Data block.
== Segment start ==

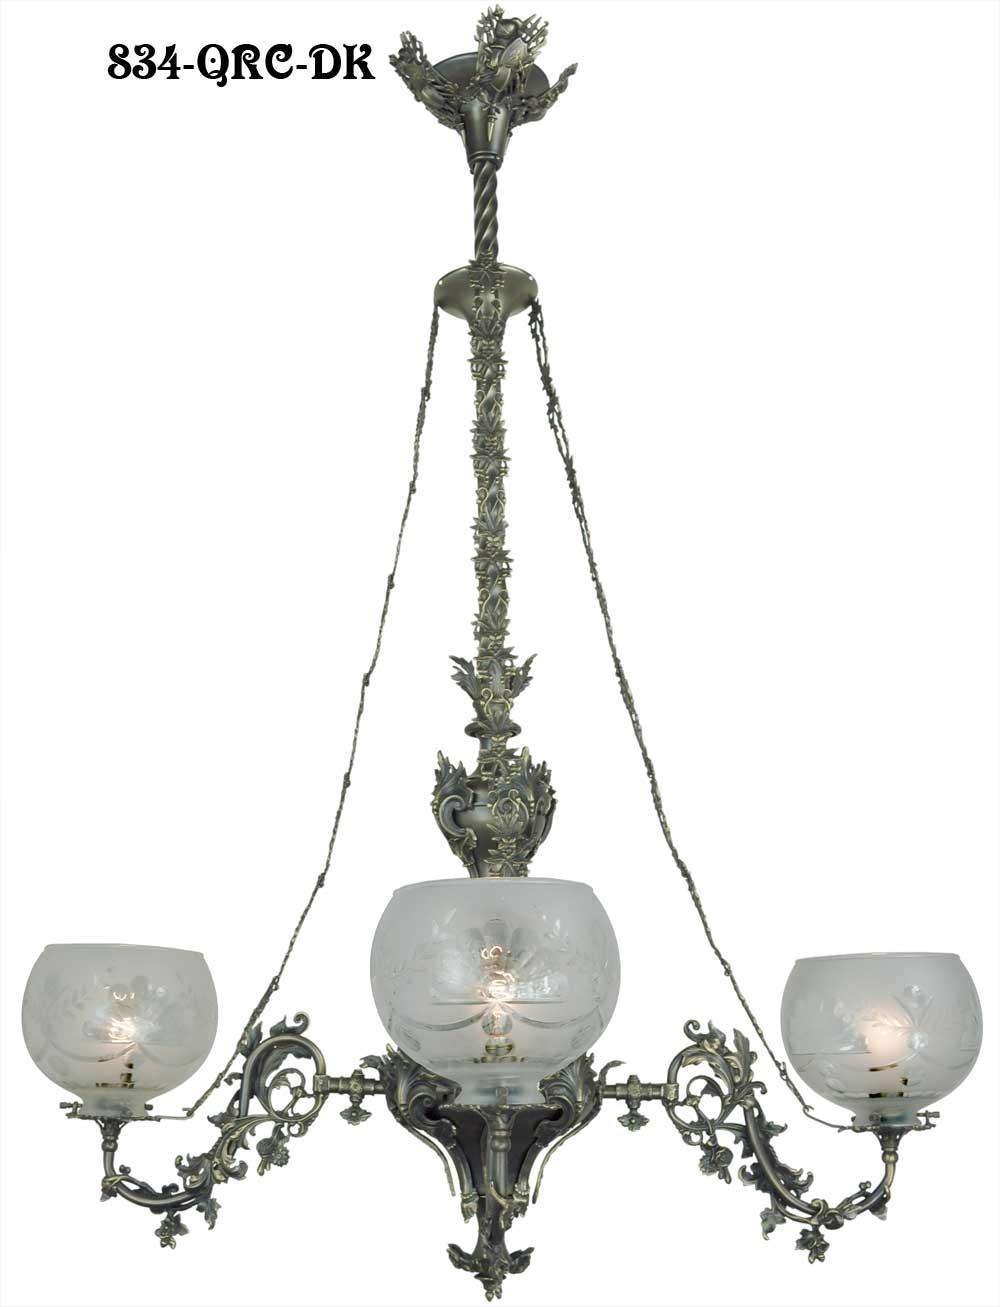 victorian chandelier neo rococo c 1840 gasolier 4 arm light 834 qrc ch
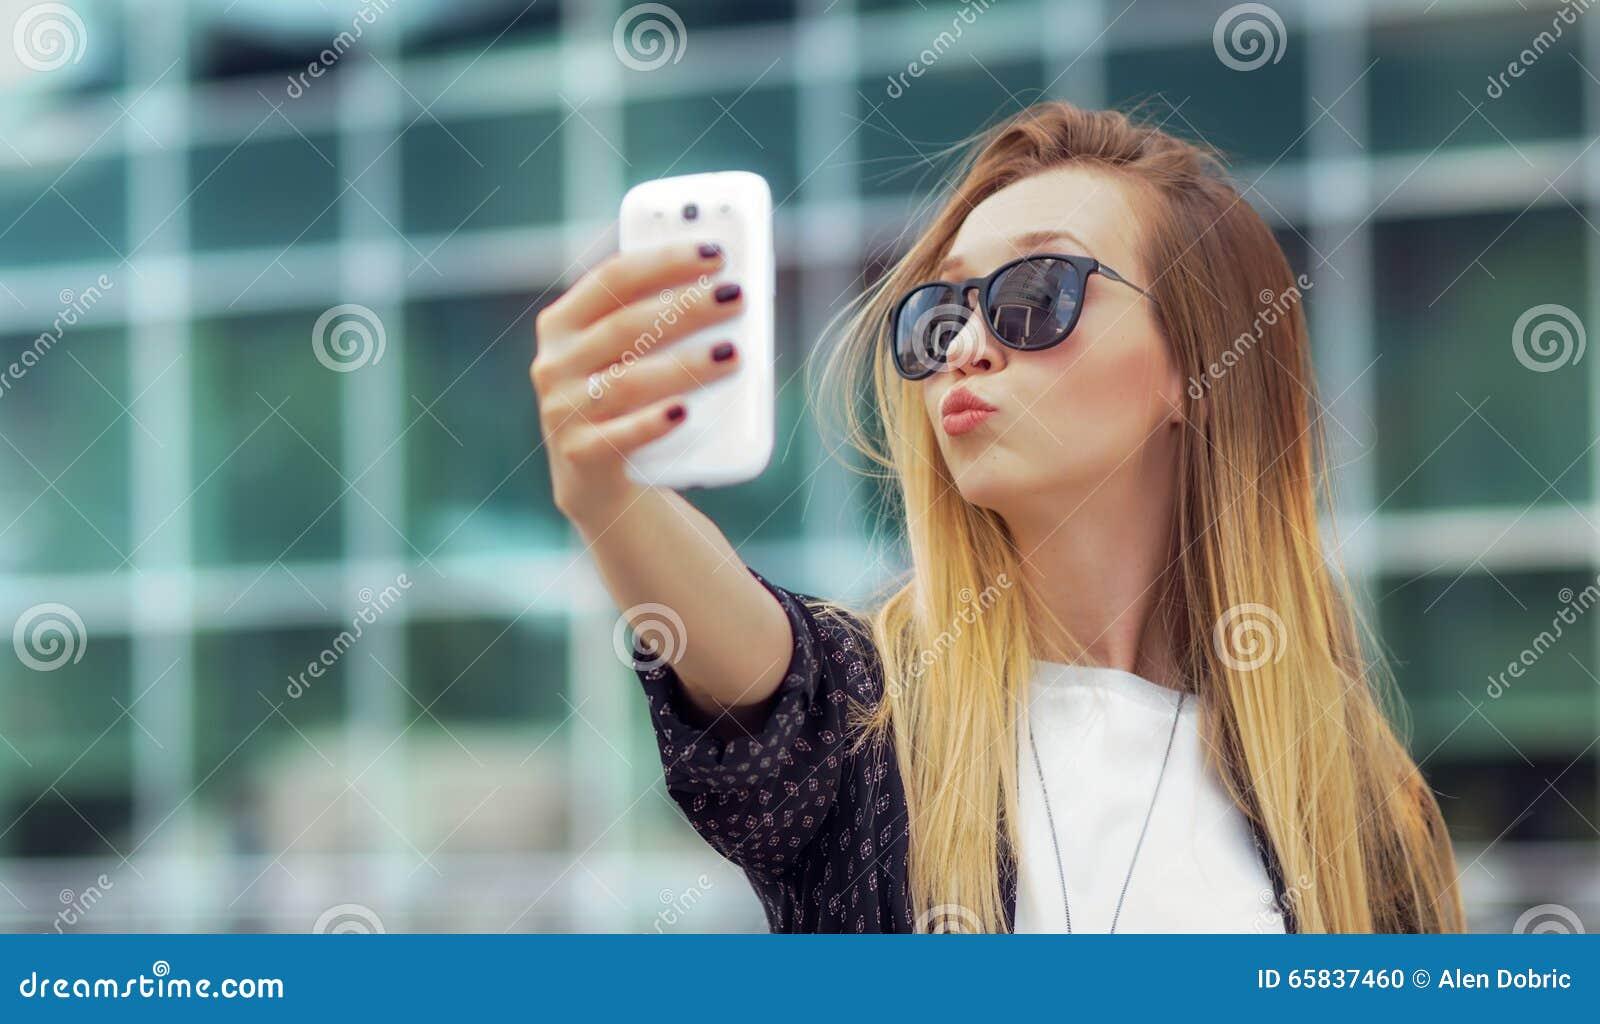 La ragazza d avanguardia fa un selfie
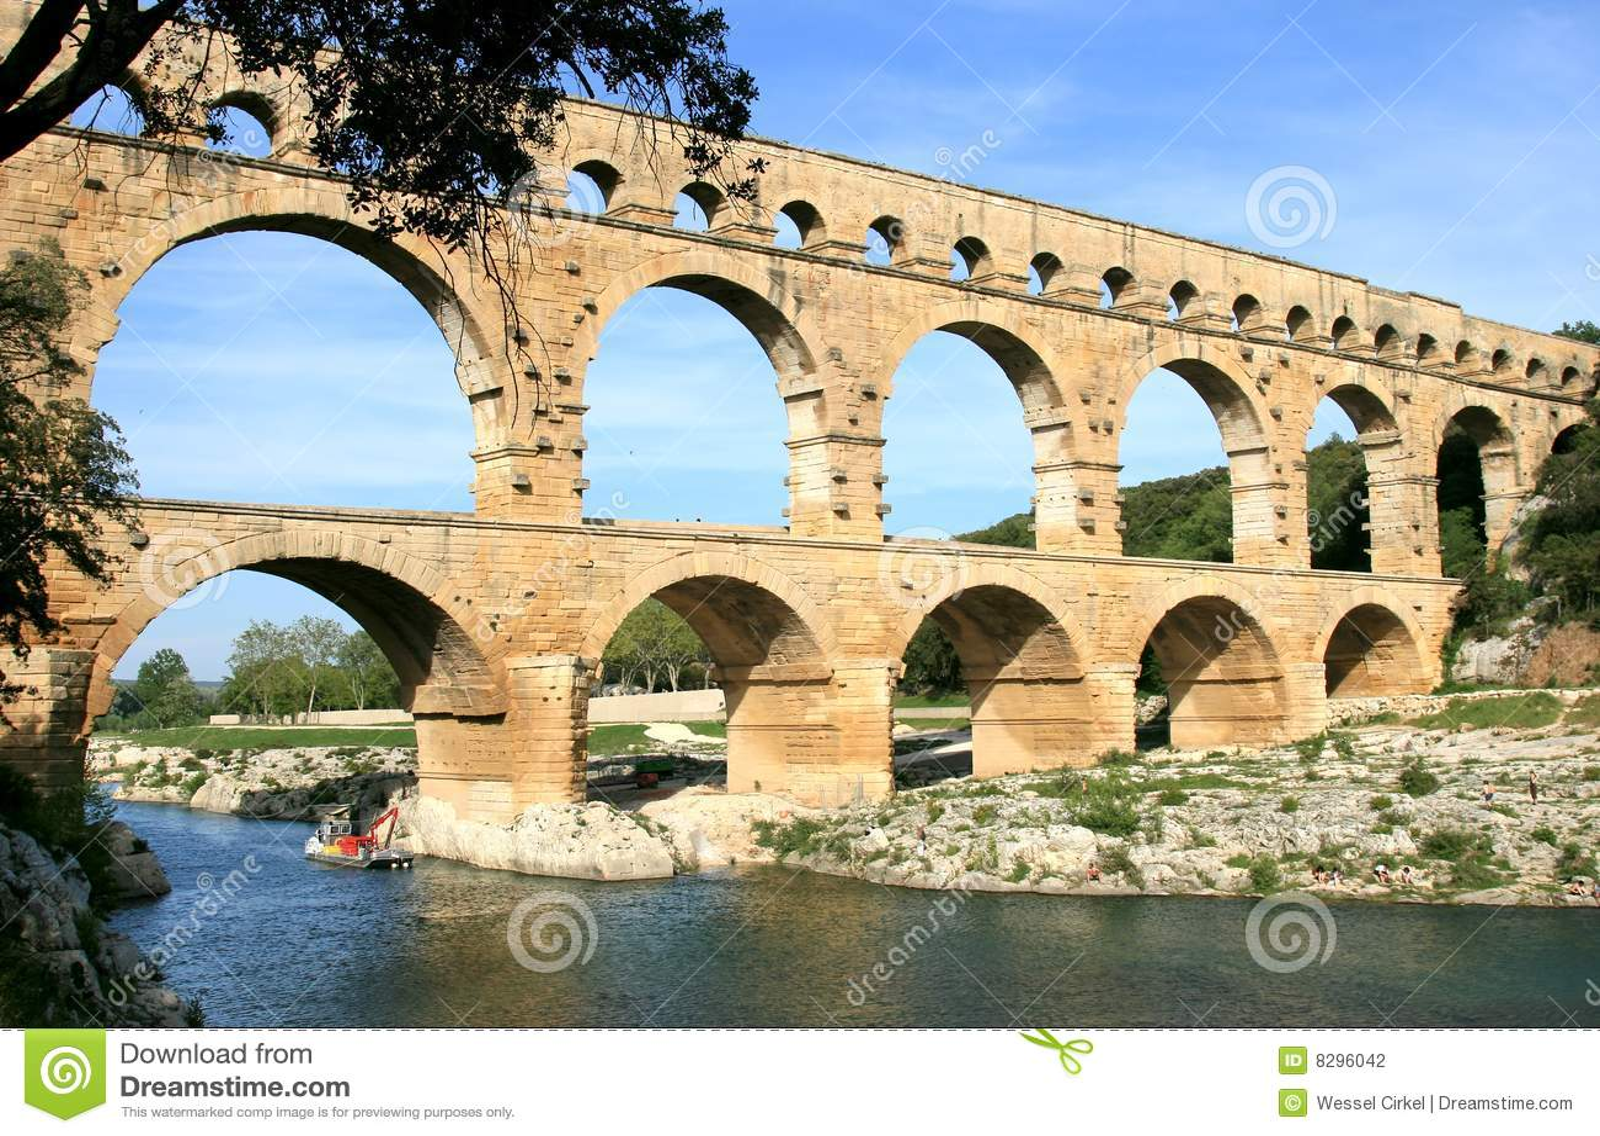 french roman aqueduct named pont du gard stock photography image
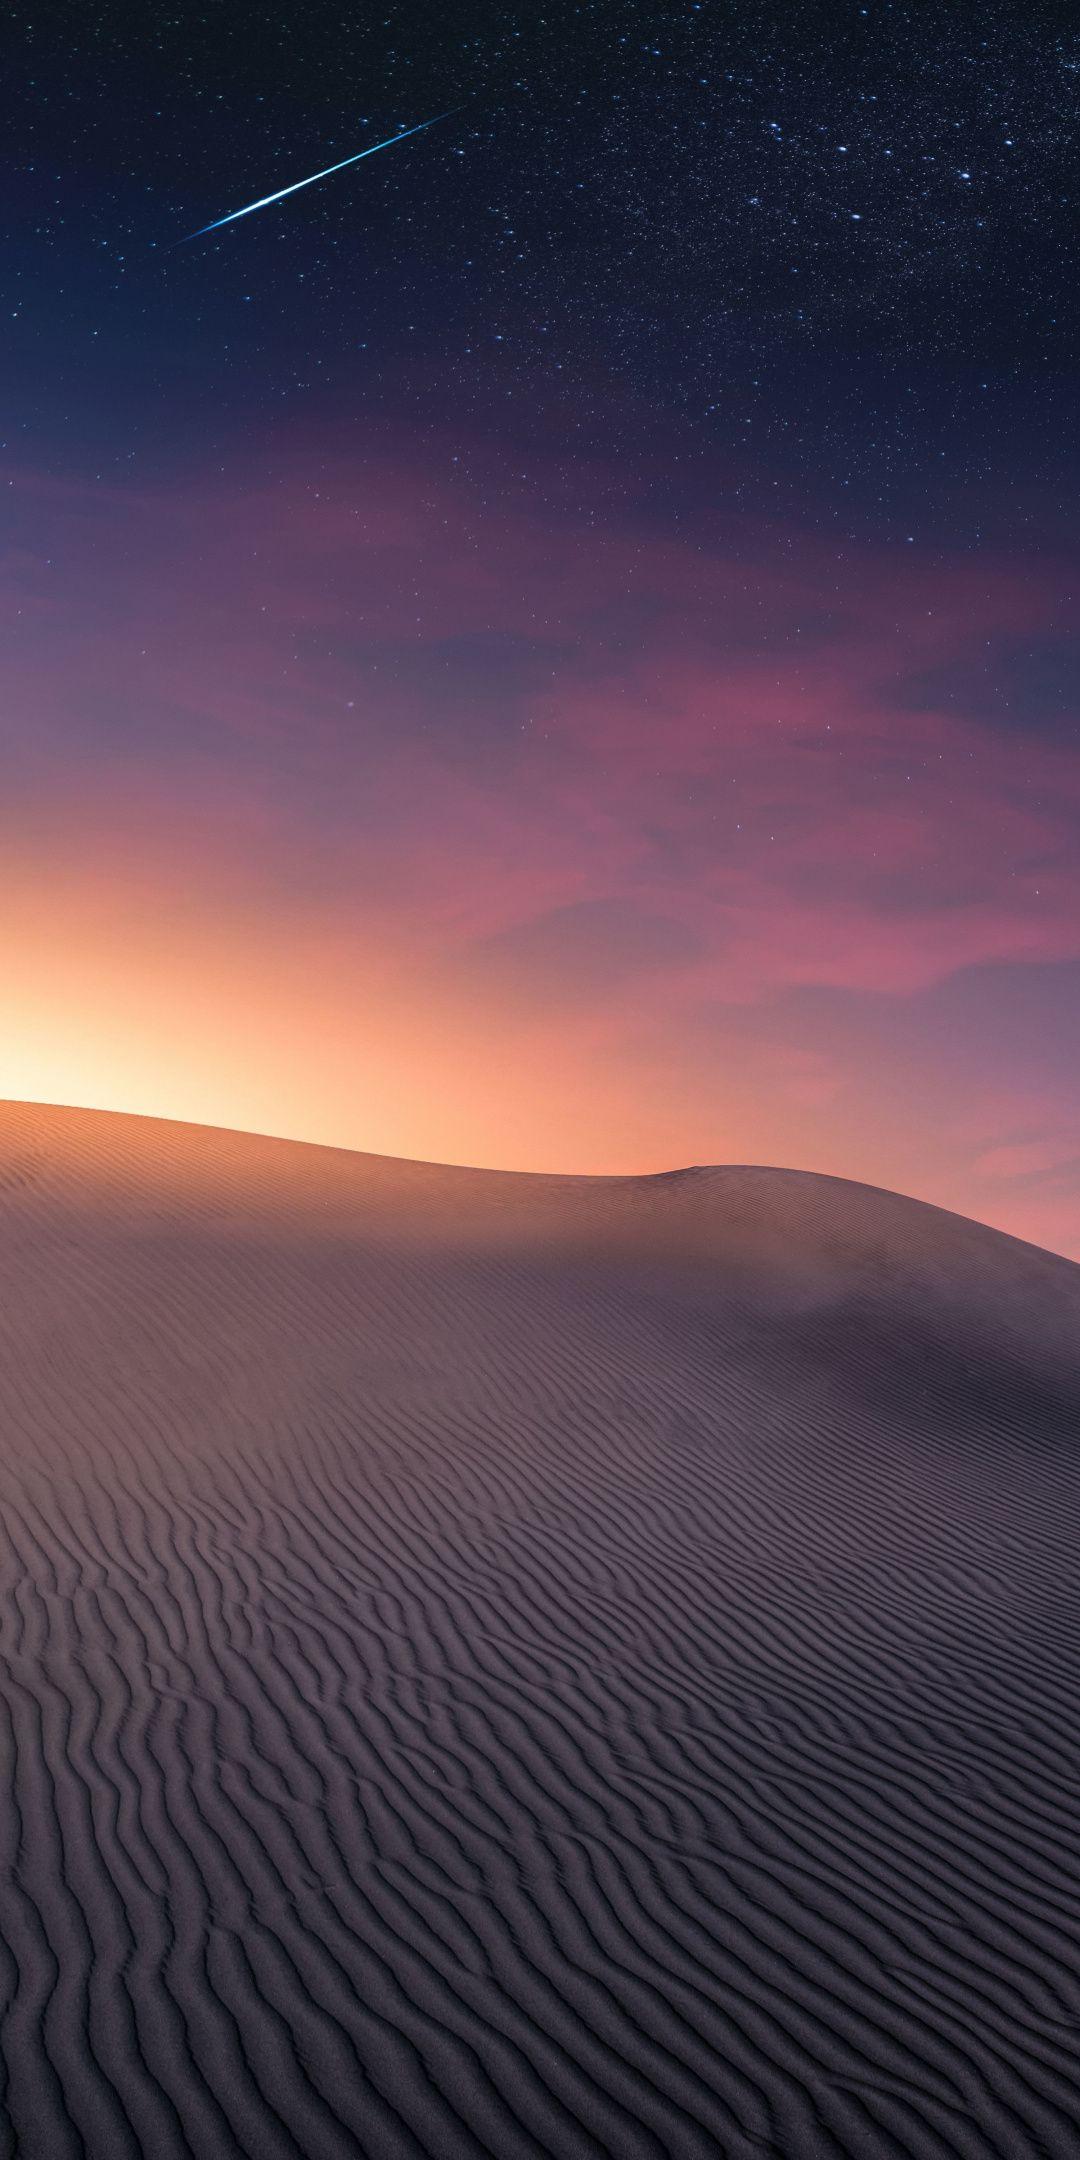 Night, desert, sky, starry sky, 1080x2160 wallpaper

== Segment end ==

What you should do.
Skip the images and write out the rest of the listing exactly.

Result of this exercise.
 victorian chandelier neo rococo c 1840 gasolier 4 arm light 834 qrc ch
 La ragazza d avanguardia fa un selfie
 french roman aqueduct named pont du gard stock photography image
 Night, desert, sky, starry sky, 1080x2160 wallpaper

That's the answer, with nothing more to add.